From: Ming Lei <ming.lei@redhat.com>
To: Caleb Sander Mateos <csander@purestorage.com>
Cc: Jens Axboe <axboe@kernel.dk>,
linux-block@vger.kernel.org,
Uday Shankar <ushankar@purestorage.com>
Subject: Re: [PATCH 3/4] ublk: add feature UBLK_F_AUTO_ZERO_COPY
Date: Sun, 27 Apr 2025 11:15:27 +0800 [thread overview]
Message-ID: <aA2hT7t7eShRPFbh@fedora> (raw)
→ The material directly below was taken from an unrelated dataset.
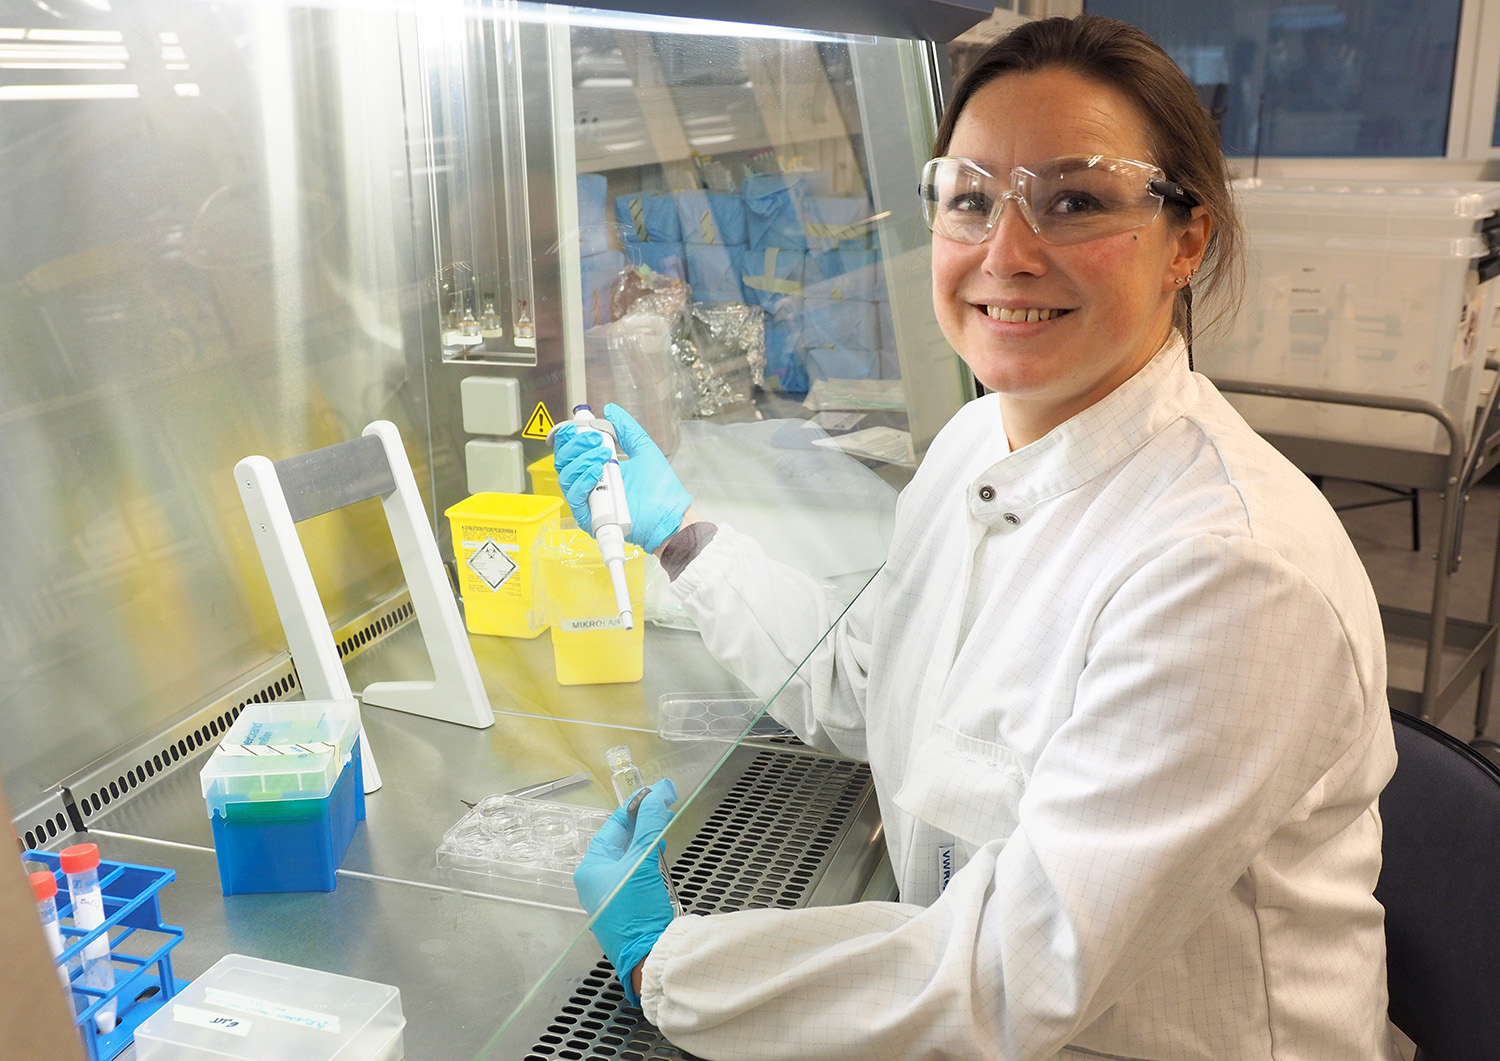 Et bilde av en kvinne i labfrakk på et laboratorium.

In-Reply-To: <CADUfDZr6ezr=1_qTOm0xUJ1YfXVH_z57V4fNnQm6D-856T6A_g@mail.gmail.com>
On Sat, Apr 26, 2025 at 08:09:38PM -0700, Caleb Sander Mateos wrote:
> On Sat, Apr 26, 2025 at 7:07 PM Ming Lei <ming.lei@redhat.com> wrote:
> >
> > On Sat, Apr 26, 2025 at 03:42:59PM -0700, Caleb Sander Mateos wrote:
> > > On Sat, Apr 26, 2025 at 2:41 AM Ming Lei <ming.lei@redhat.com> wrote:
> > > >
> > > > UBLK_F_SUPPORT_ZERO_COPY requires ublk server to issue explicit buffer
> > > > register/unregister uring_cmd for each IO, this way is not only inefficient,
> > > > but also introduce dependency between buffer consumer and buffer register/
> > > > unregister uring_cmd, please see tools/testing/selftests/ublk/stripe.c
> > > > in which backing file IO has to be issued one by one by IOSQE_IO_LINK.
> > >
> > > This is a great idea!
> > >
> > > >
> > > > Add feature UBLK_F_AUTO_ZERO_COPY for addressing the existed zero copy
> > > > limit:
> > >
> > > nit: "existed" -> "existing", "limit" -> "limitation"
> > >
> > > >
> > > > - register request buffer automatically before delivering io command to
> > > > ublk server
> > > >
> > > > - unregister request buffer automatically when completing the request
> > > >
> > > > - io_uring will unregister the buffer automatically when uring is
> > > > exiting, so we needn't worry about accident exit
> > > >
> > > > Signed-off-by: Ming Lei <ming.lei@redhat.com>
> > > > ---
> > > > drivers/block/ublk_drv.c | 87 +++++++++++++++++++++++++++--------
> > > > include/uapi/linux/ublk_cmd.h | 20 ++++++++
> > > > 2 files changed, 89 insertions(+), 18 deletions(-)
> > > >
> > > > diff --git a/drivers/block/ublk_drv.c b/drivers/block/ublk_drv.c
> > > > index 347790b3a633..453767f91431 100644
> > > > --- a/drivers/block/ublk_drv.c
> > > > +++ b/drivers/block/ublk_drv.c
> > > > @@ -64,7 +64,8 @@
> > > > | UBLK_F_CMD_IOCTL_ENCODE \
> > > > | UBLK_F_USER_COPY \
> > > > | UBLK_F_ZONED \
> > > > - | UBLK_F_USER_RECOVERY_FAIL_IO)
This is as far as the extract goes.